"É chegado o momento de pagar minha traição. Eu sei que estou condenado, não mereço salvação". É assim que começa o testamento de Judas. Entre o peixe da Sexta-Feira e o Ovo da Páscoa no domingo, a tradição reza que no sábado é dia de malhar o apóstolo que traiu Jesus depois da Santa Ceia. Na brincadeira, o testamento é lido antes da queima do boneco que simboliza o apóstolo traidor. No documento, vão as críticas aos políticos, a desafetos e, muitas vezes, aparecem as fofocas do bairro.
E se engana quem acha que a tradição está morrendo em Salvador. É o que afirma Ione Sales, viúva do mais famoso fogueteiro da cidade, Florentino Moreira Sales, o Florentino Fogueteiro. Após a morte do patriarca, em 2006, a família assumiu o negócio e mantém a tradição de confeccionar os bonecos de Judas para o Sábado de Aleluia.

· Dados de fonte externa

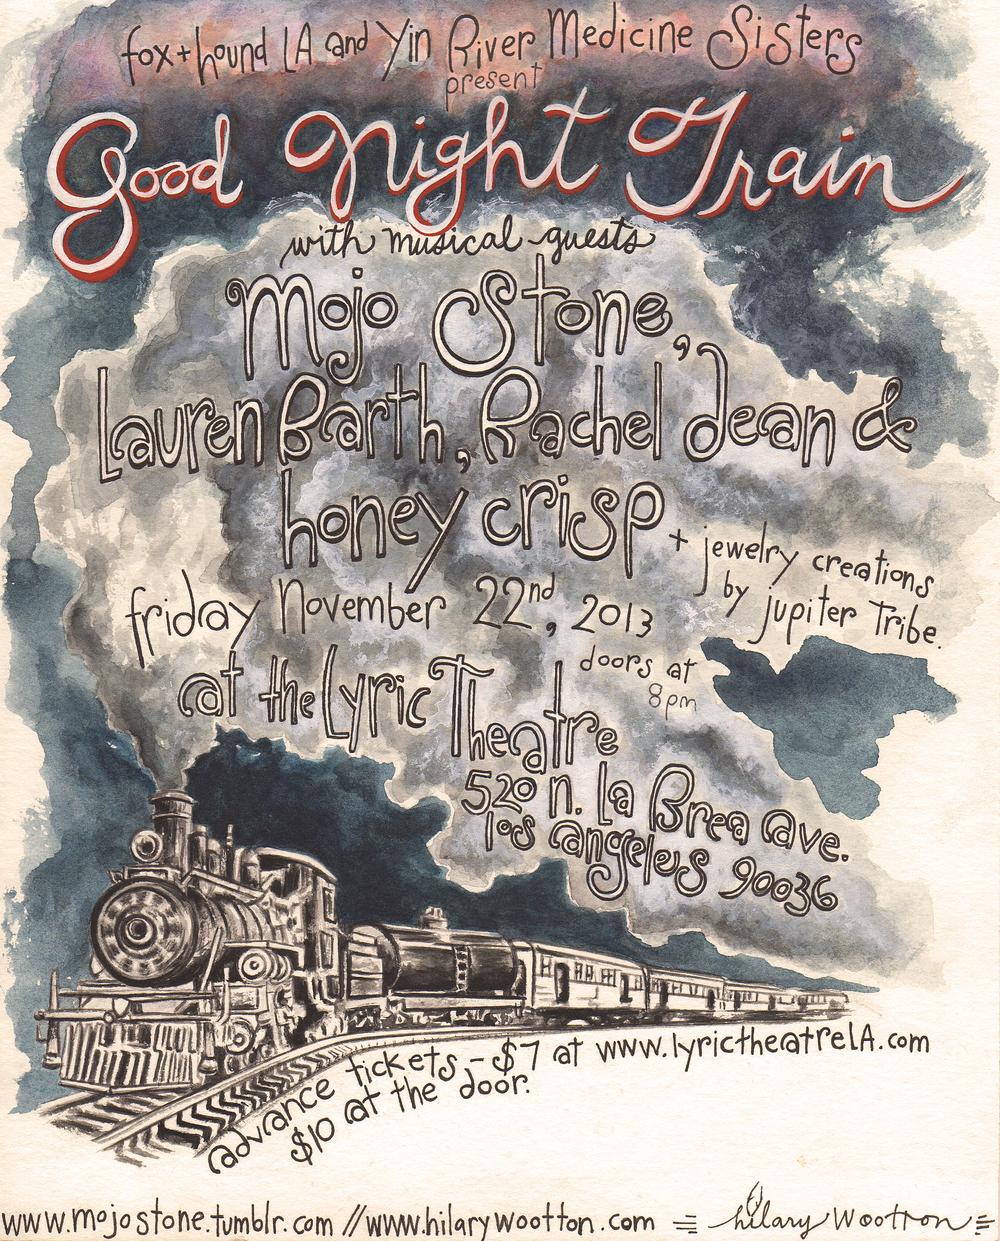 Mojo_GoodNightTrain_Poster1.jpg

Para este ano, foram feitos 200 bonecos, que dona Ione espera vender até a manhã do dia da festa.
Os bonecos são feitos artesanalmente pelos netos, que assumiram a produção desde a aposentadoria de Florentino devido a problemas de saúde. Os bonecos são construídos com papel, tecido, madeira e recheados com explosivos e espadas. Apesar dos muitos pedidos para fazer o Judas personalizado, dona Ione não acata as solicitações. "Muita gente pede para fazer com cara de políticos, mas eu não quero confusão. Cada um pode botar a máscara que quiser, mas a gente vende só com a cara de boneco mesmo", esclarece.
A qualidade do trabalho atrai compradores até de fora da Bahia. É o caso do grupo que veio do interior de Pernambuco exclusivamente para comprar dois Judas aqui em Salvador. O promotor da festa no município de São João Pernambuco é o vereador João Quirino de Oliveira. Ele conta que vale a pena enfrentar quase mil quilômetros de estrada por causa da qualidade do produto. "Só o pessoal daqui faz o Judas com esse pé, que o faz girar antes de explodir", conta.

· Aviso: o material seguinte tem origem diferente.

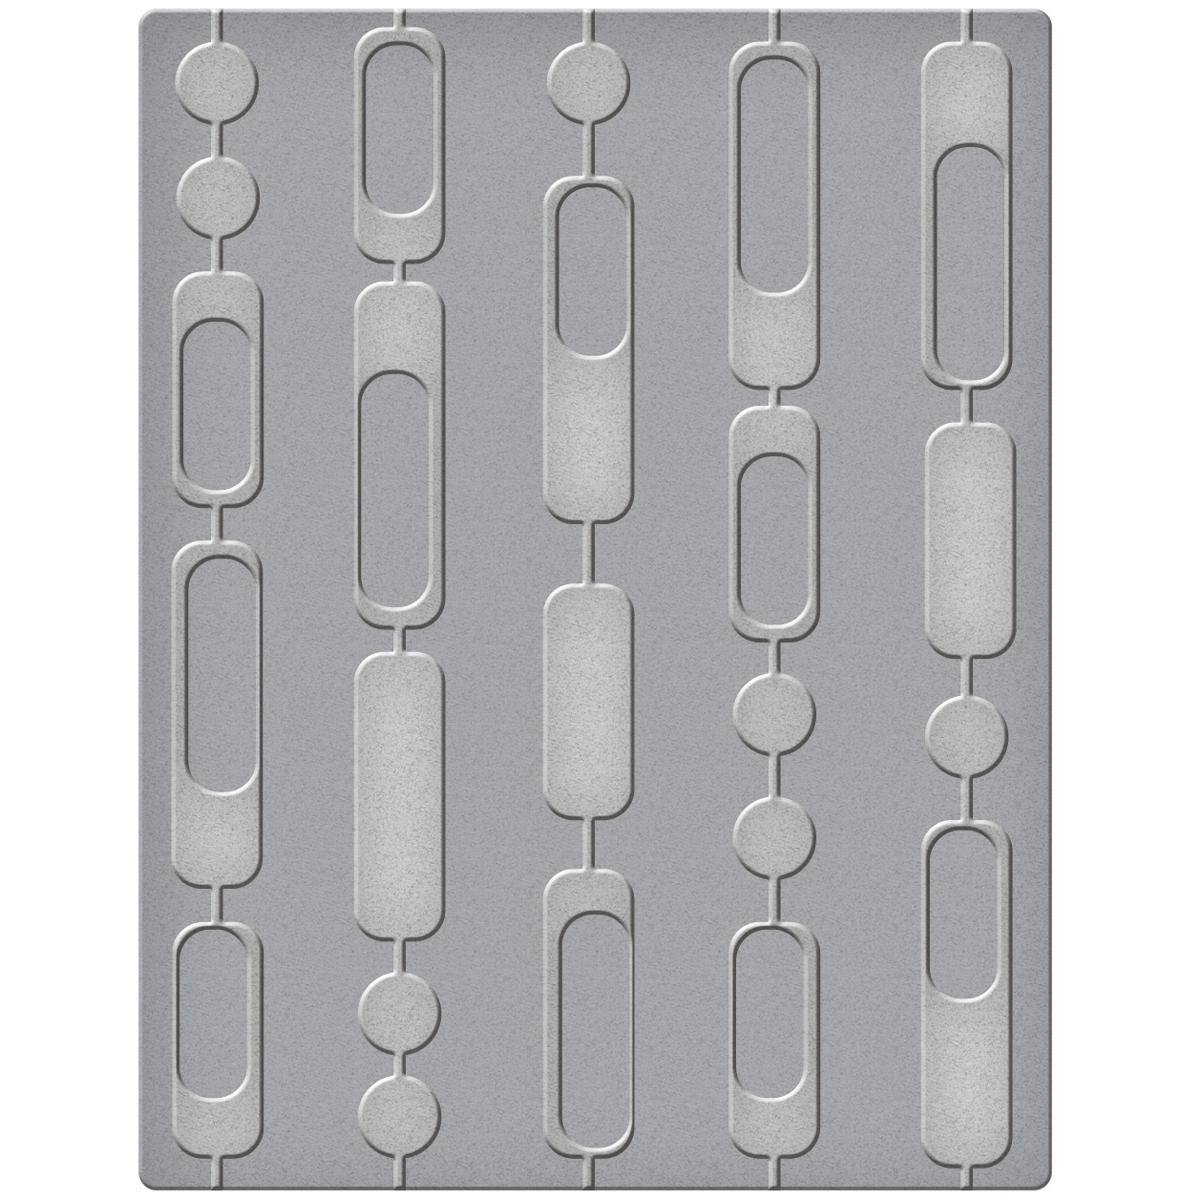 Spellbinders Embossing Folder, Small, Curtain Beads

Quirino se refere à disposição de algumas espadas na base que, segundo dona Ione, é o segredo do sucesso do boneco. "Nós arrumamos de um jeito que faz o Judas rodar para um lado, depois para o outro, e então as bombas começam a explodir", explica.
Em Salvador, a tradição da queima de Judas permanece forte no bairro de Pernambués. Organizado há 34 anos pelo comerciante Nivaldo Pereira, o Sábado de Aleluia é o ponto alto das comemorações da Semana Santa no local. Pereira trouxe o hábito de seu estado natal, Sergipe. "Na época em que cheguei aqui, ninguém queimava o Judas pelas redondezas, agora já está mais comum de ver". Mesmo com a concorrência, ele garante que a festa que organiza é a mais animada. "Isso aqui vira uma grande festa de largo e não falta assunto para botar no testamento do Judas", garante.
Pereira segue a tradição à risca: "A festa pode até começar cedo, mas a queima é só à meia-noite". Para ele, o significado maior da festa é o aspecto religioso que há por trás do evento. "É uma forma de a gente lembrar o mal que foi a traição de Judas", diz. Mas para garantir a animação do povo, Pereira revela um ingrediente que não pode faltar na festa: "O forró aqui vai até de manhã", promete.